SIGNIFICANCE AND USE
4.1 This test method can be used to describe the effects of materials, manufacturing, and design variables on the fatigue/cyclic creep performance of UHMWPE bearing components subject to substantial rotation in the transverse plane (relative to the tibial tray) for a relatively large number of cycles.  
4.2 The loading and kinematics of bearing component designs in vivo will, in general, differ from the loading and kinematics defined in this test method. The results obtained here cannot be used to directly predict in vivo performance. However, this test method is designed to enable comparisons between the fatigue performance of different bearing component designs when tested under similar conditions.  
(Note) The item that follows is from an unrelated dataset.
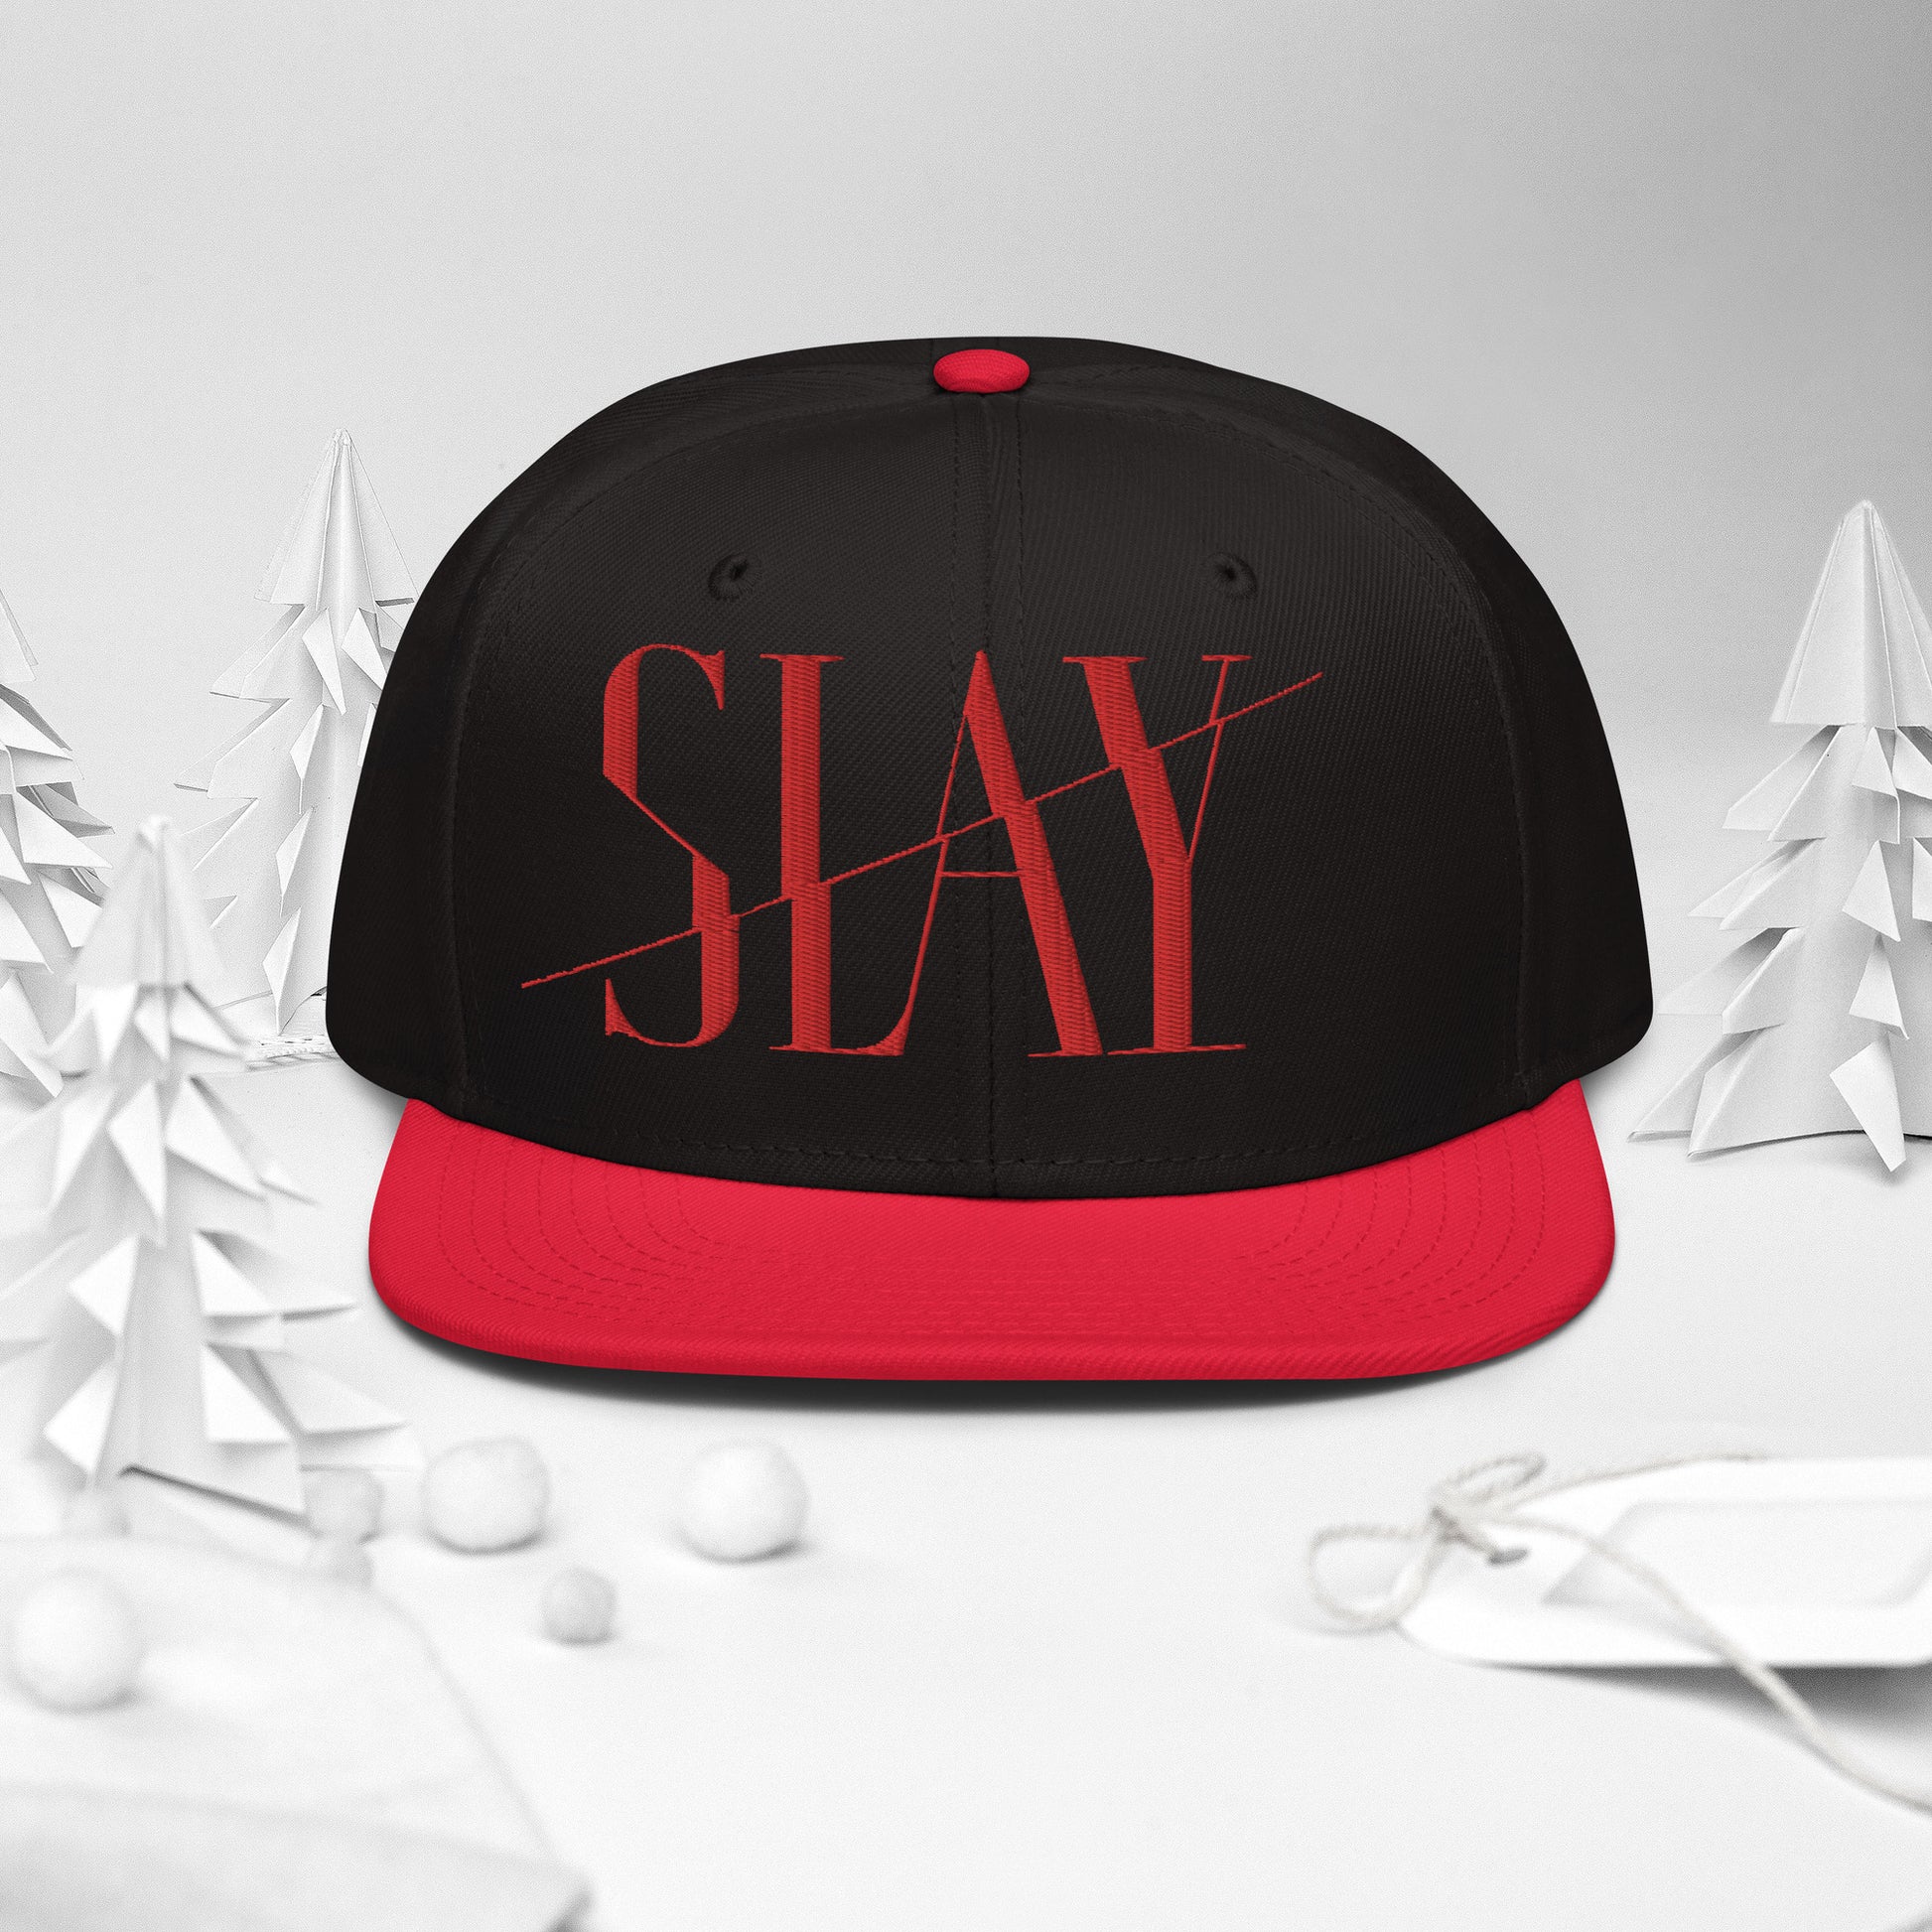 A black and red Snapback Hat with the word "SLAY" embroidered on the front.
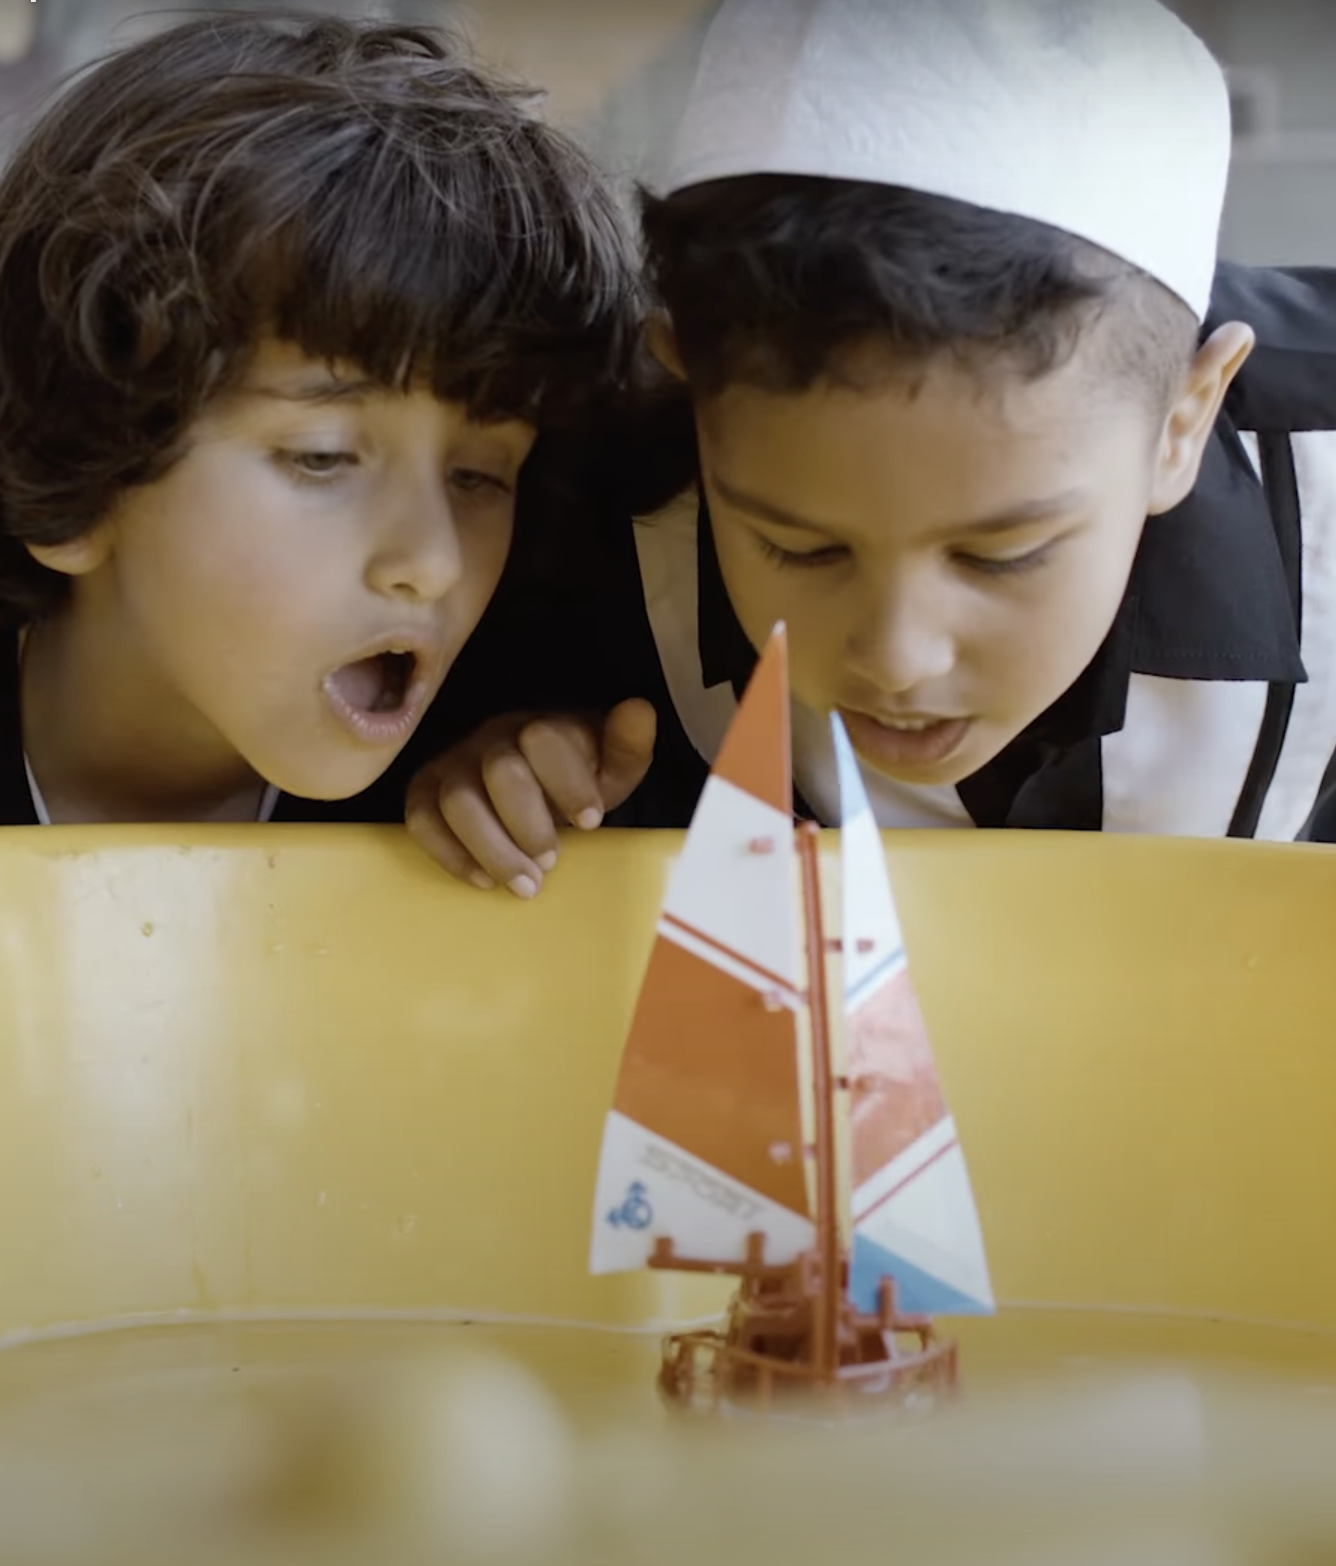 two children blowing on a toy sailboat

4.3 The test described is applicable to any bicompartmental knee design, including mobile bearing knees that have mechanisms in the tibial articulating component to constrain the posterior movement of the femoral component and a built-in retention mechanism to keep the articulating component on the tibial plate.
SCOPE
1.1 This standard specifies a test method for determining the endurance properties and deformation, under specified laboratory conditions, of ultra high molecular weight polyethylene (UHMWPE) tibial bearing components used in bicompartmental or tricompartmental knee prosthesis designs.  
1.2 This test method is intended to simulate near posterior edge loading similar to the type of loading that would occur during high flexion motions such as squatting or kneeling.  
1.3 Although the methodology described attempts to identify physiological orientations and loading conditions, the interpretation of results is limited to an in vitro comparison between knee prosthesis designs and their ability to resist deformation and fracture under stated test conditions.  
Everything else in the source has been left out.